The set of example data files on our website contains various event history analysis examples. The setup for several Event History models can be opened in Latent GOLD using the HELP GUI Example Regression menu. Full tutorials are not yet available for these. However, to get you started, you might look at the data file land.sav, the full reference for which is " Land, K.C., Nagin, D.S., and McCall (2001). Discrete-time hazard regression models with hidden heterogeneity: the semi-parametric mixed Poisson approach. Sociological Methods and Research, 29, 342-373." Another good example is jobchange.dat.

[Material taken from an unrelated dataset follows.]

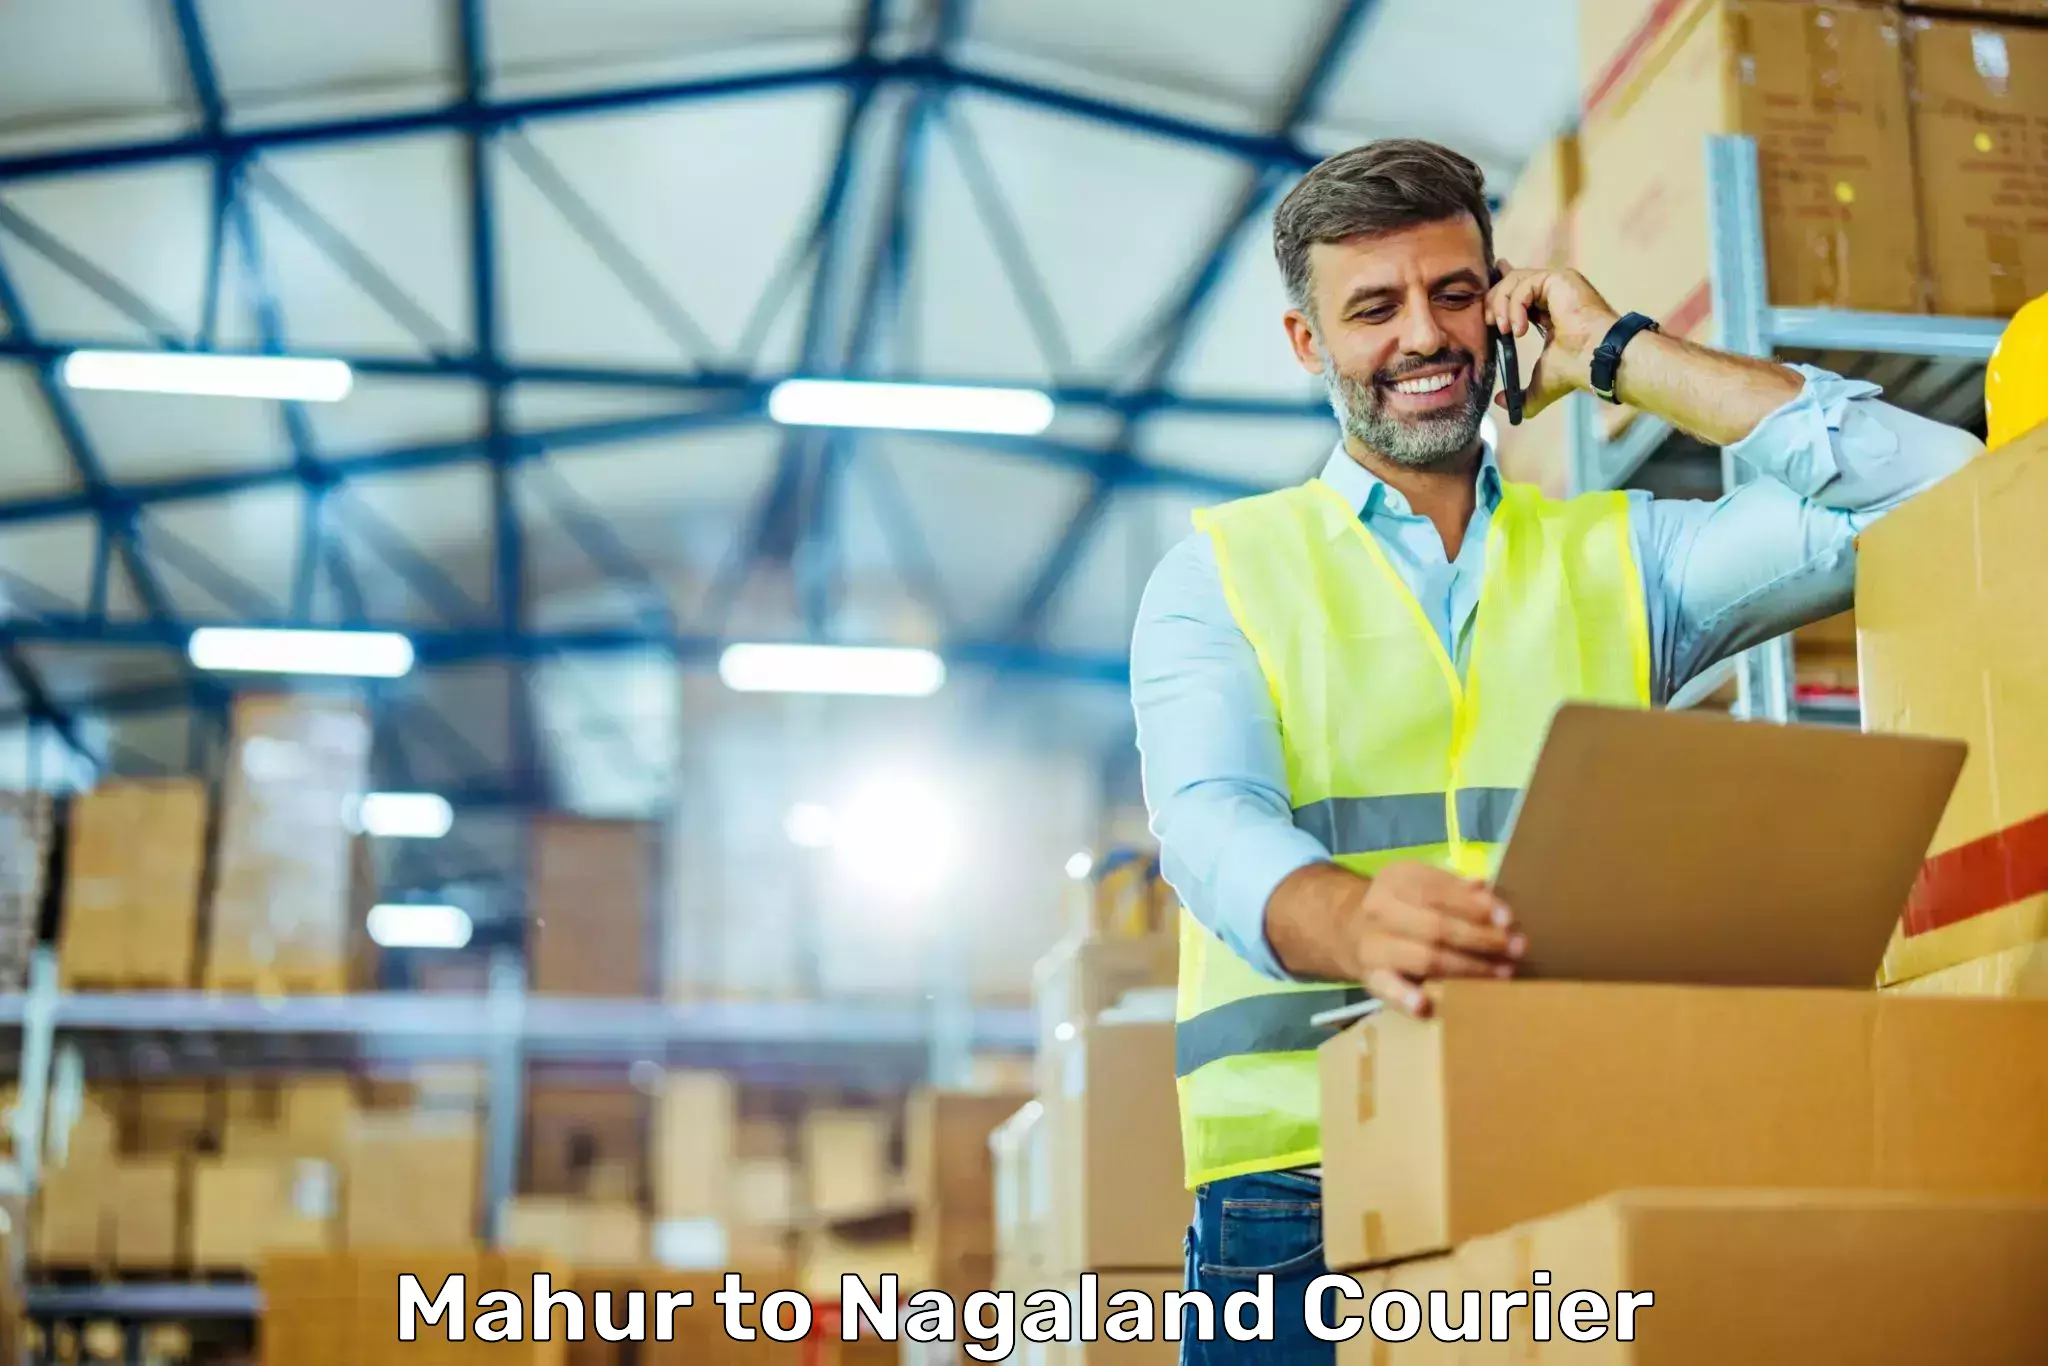 Express logistics service Mahur to Nagaland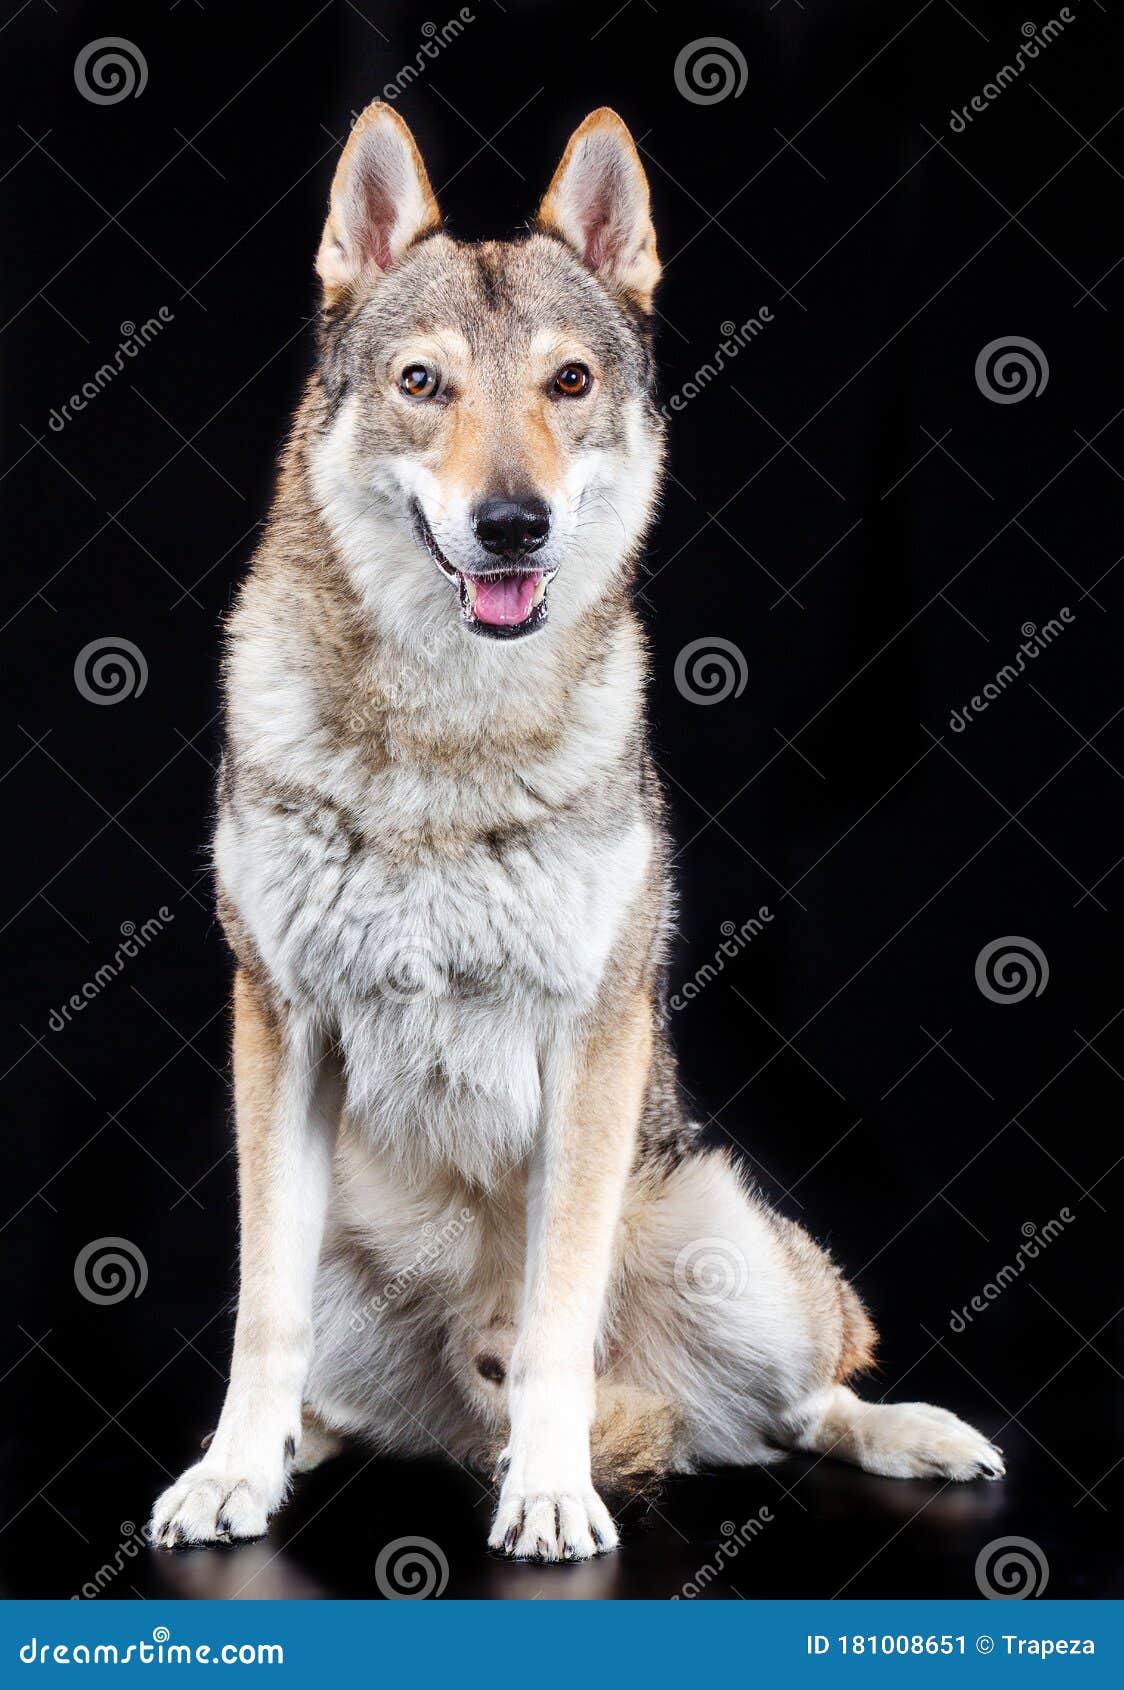 Czechoslovakian Wolfdog Dog Studio Photography On A Black Background Stock Image Image Of Face Lupus 181008651

Land.sav contains information on 411 males from working-class area of London who were followed from ages 10 through 31. The dependent variable is "first serious delinquency". As can be seen, there is one record for each time point, which is called a person-period data format. The dependent "first" is zero for all records of a person, expect for the last if a person experienced the event of interest at that age. The variables age and age_sq are the duration variables. These can also be seen as time-varying predictors. The variable "tot" is a time-constant covariate/predictor (a composite risk factor). Of course the ID should be used as Case ID to indicate which records belong to the same case.

The dependent "first" can be treated as a Poisson count or as a binomial count. The former option yields a piece-wise constant log-linear hazard model, the latter a discrete-time logit. If treated as Poisson count, it is best to set the exposure to one half (exp_half: event occurs in the middle of the interval) for the time point at which the event occurs. With a binomial count the exposure should be one all the time (=default). Age and age_sq should be used as class-dependent predictors. You identify two groups with clearly different age pattern in the rate of first delinquency. The variable "tot" can be used as class-independent predictor, but more interesting is to use it as covariate: does the risk factor determine the type of delinquency rajectory?